→ EXERCISE AIM:
Only the lines from the one that includes "Bad mit Dusche, WC" through the last line below belong in the reply, copied exactly and without pictures.

→ DATA SECTION:
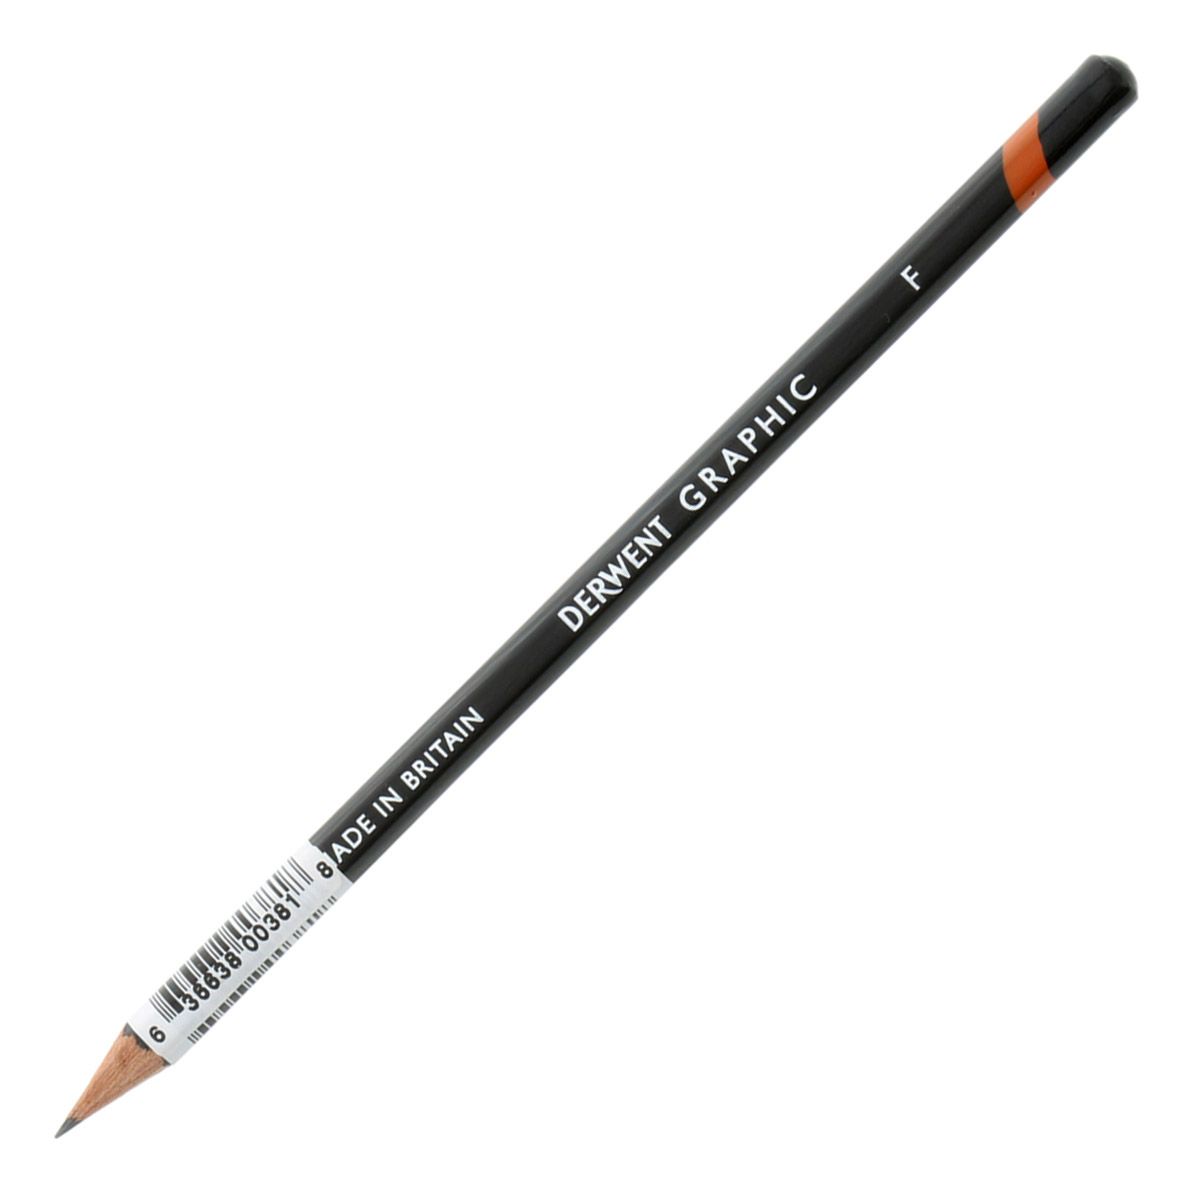 Derwent Graphic Pencil - F
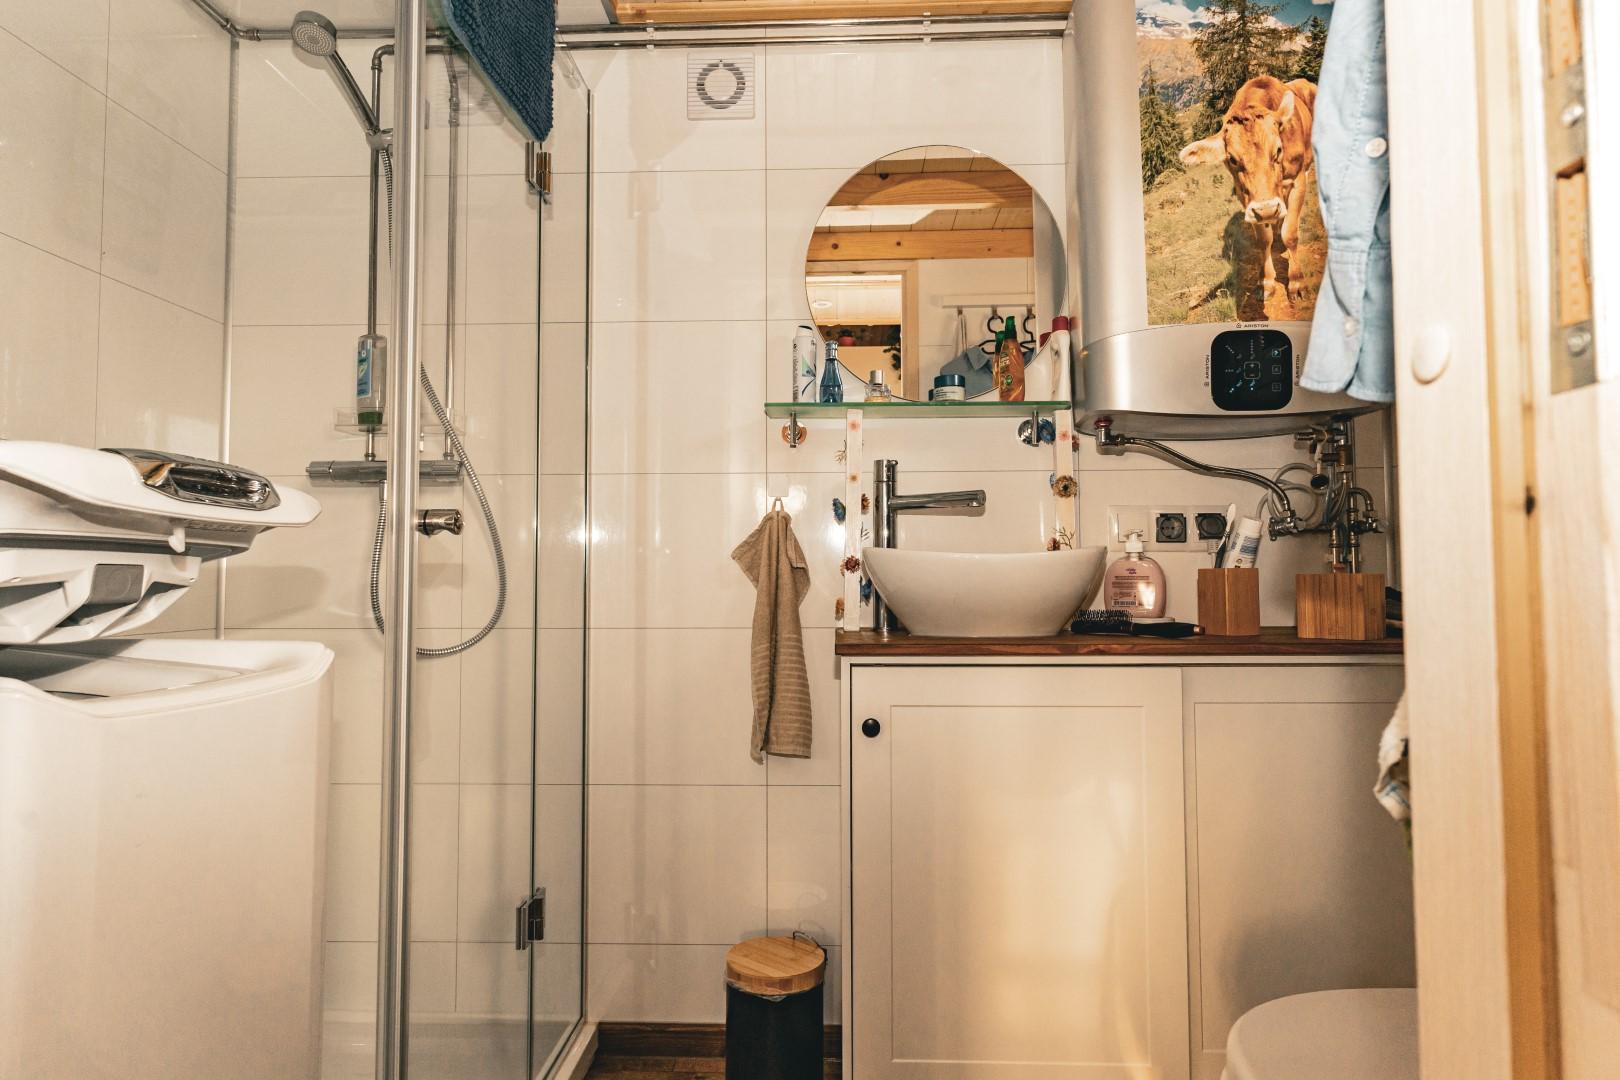 Bad mit Dusche, WC und Toplader-Waschmaschine (li.)
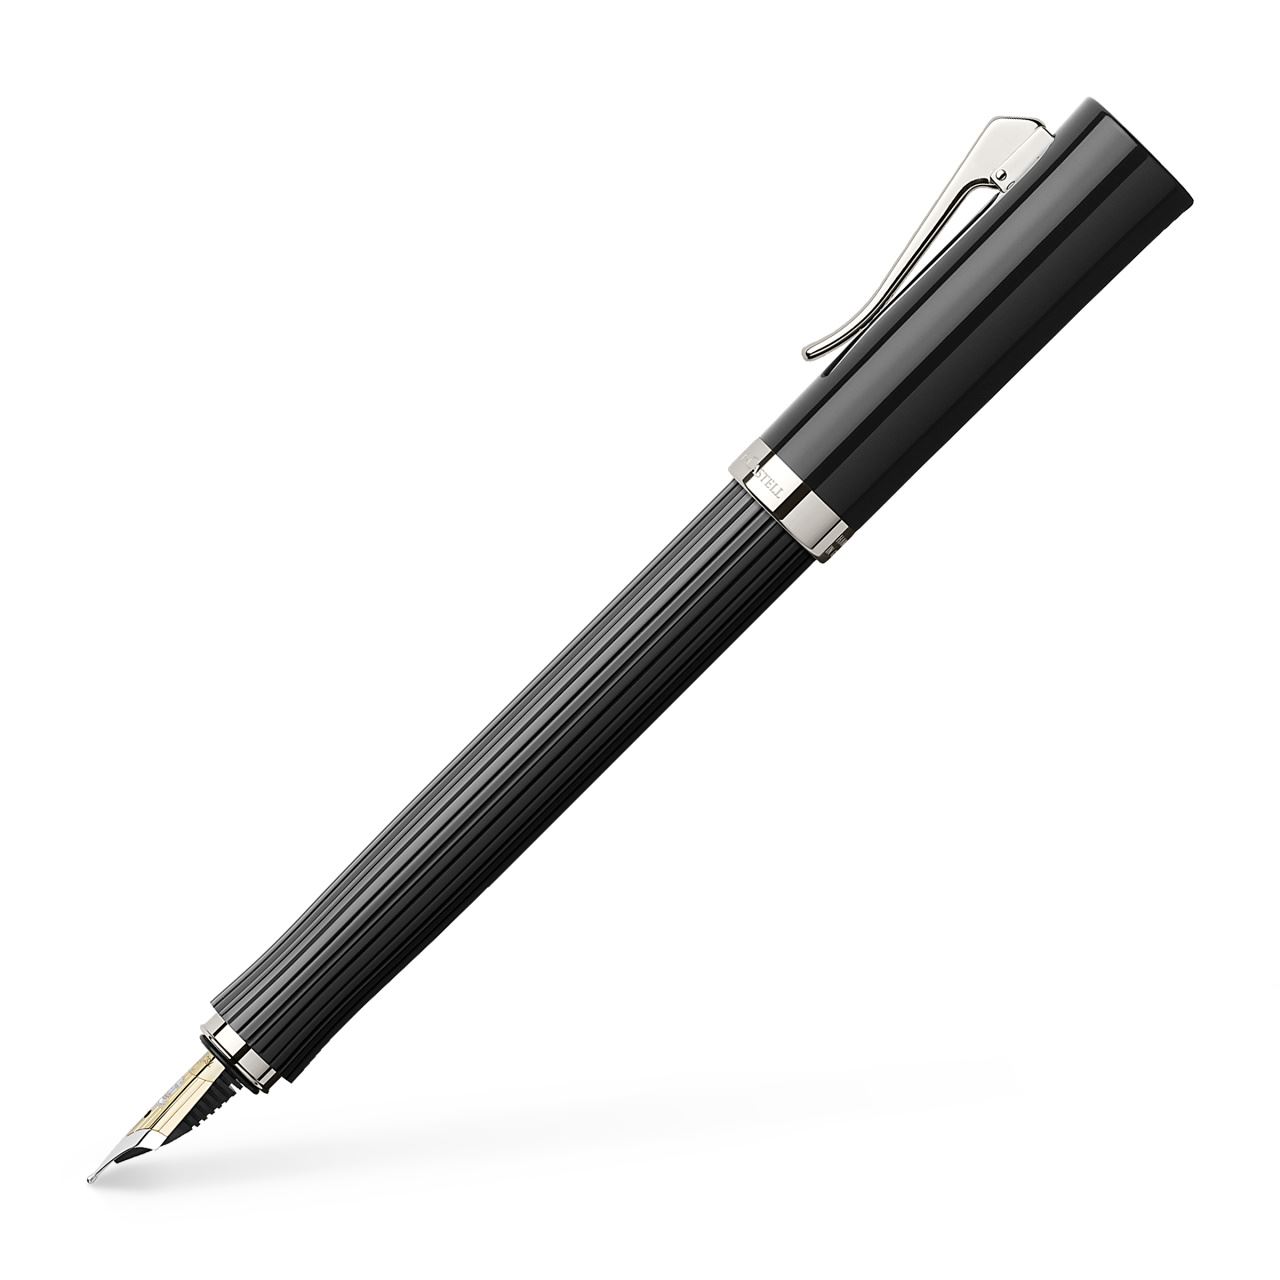 Graf-von-Faber-Castell - Fountain pen Intuition fluted, black, Medium
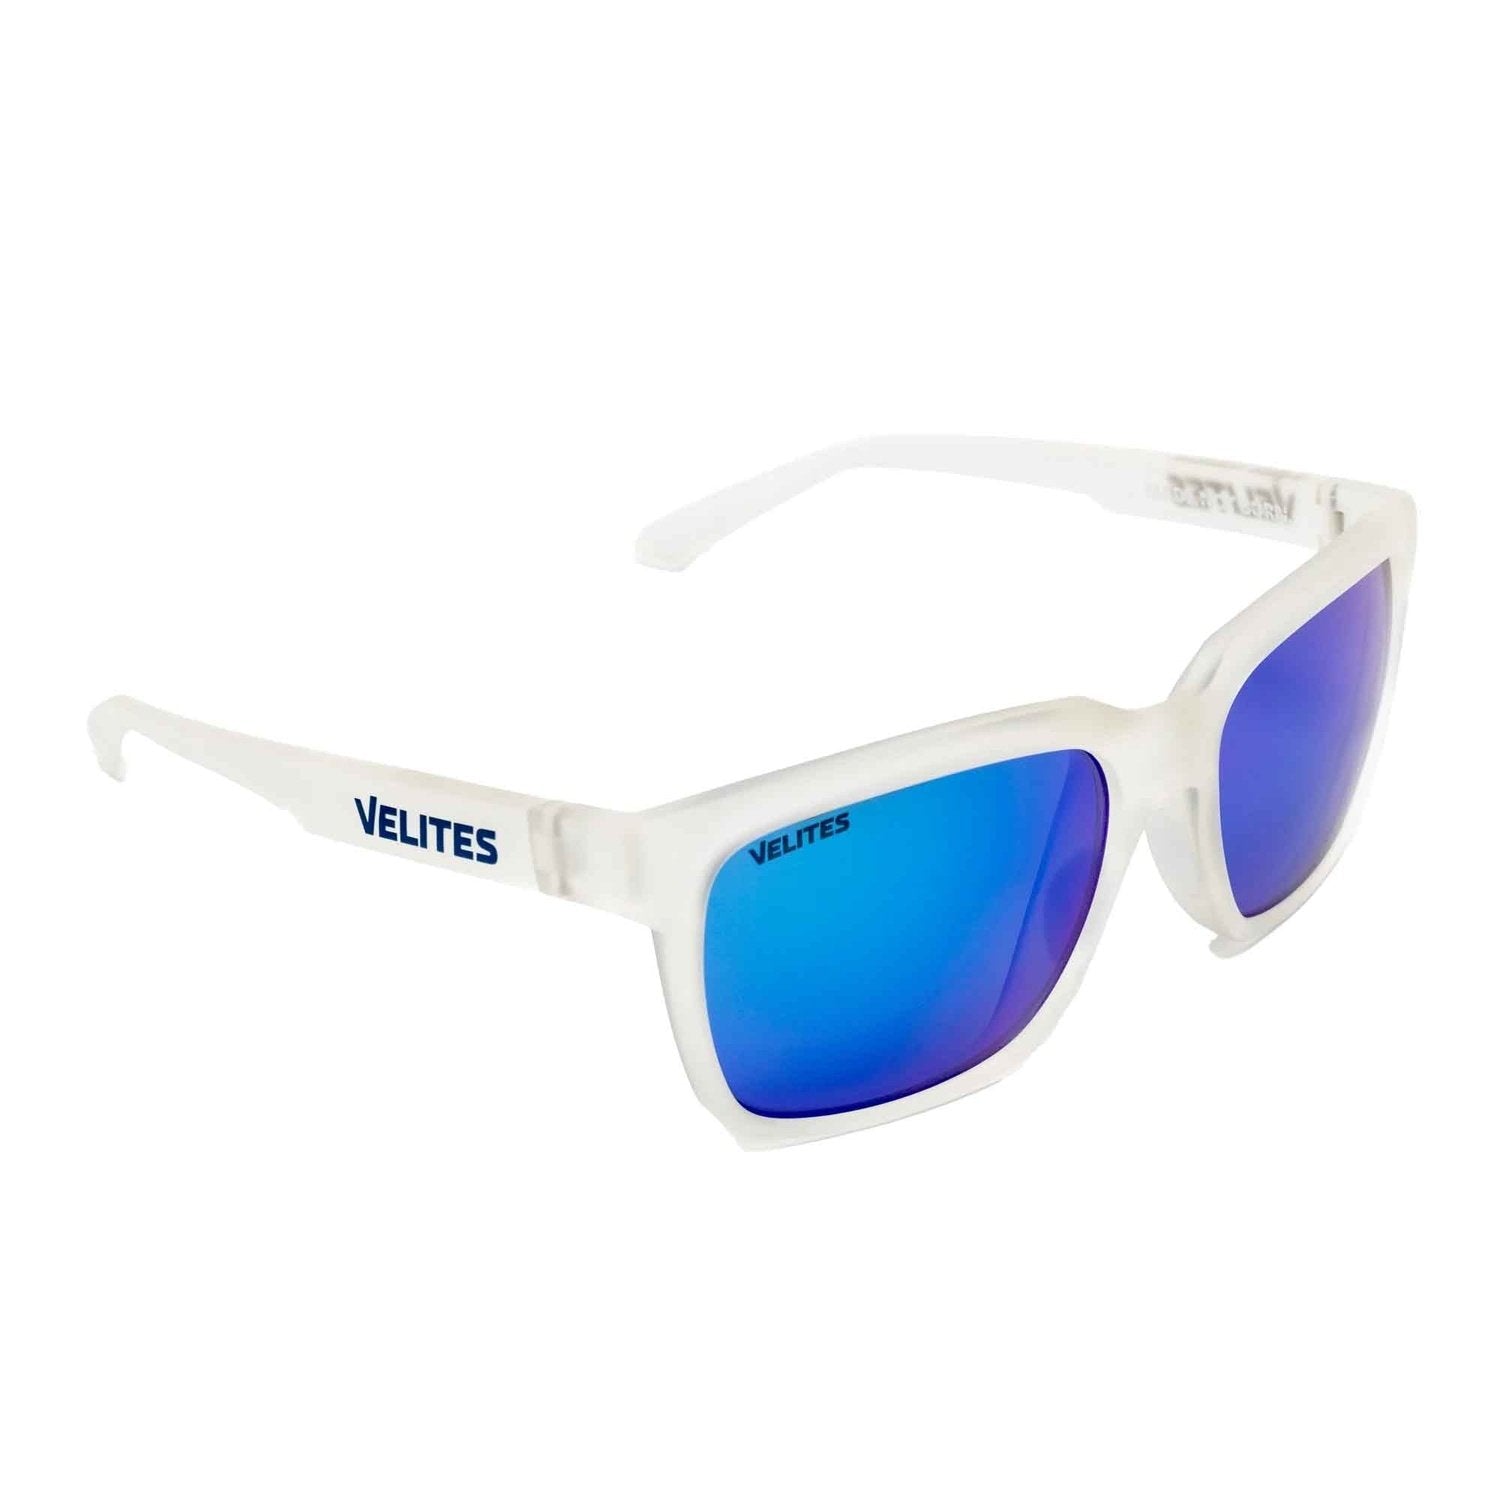 Velites Sonnenbrille "Urban Sport" Transparent Matt/Blau kaufen bei HighPowered.ch

→ TASK OUTPUT:
 Bad mit Dusche, WC und Toplader-Waschmaschine (li.)
 Graf-von-Faber-Castell - Fountain pen Intuition fluted, black, Medium
 Velites Sonnenbrille "Urban Sport" Transparent Matt/Blau kaufen bei HighPowered.ch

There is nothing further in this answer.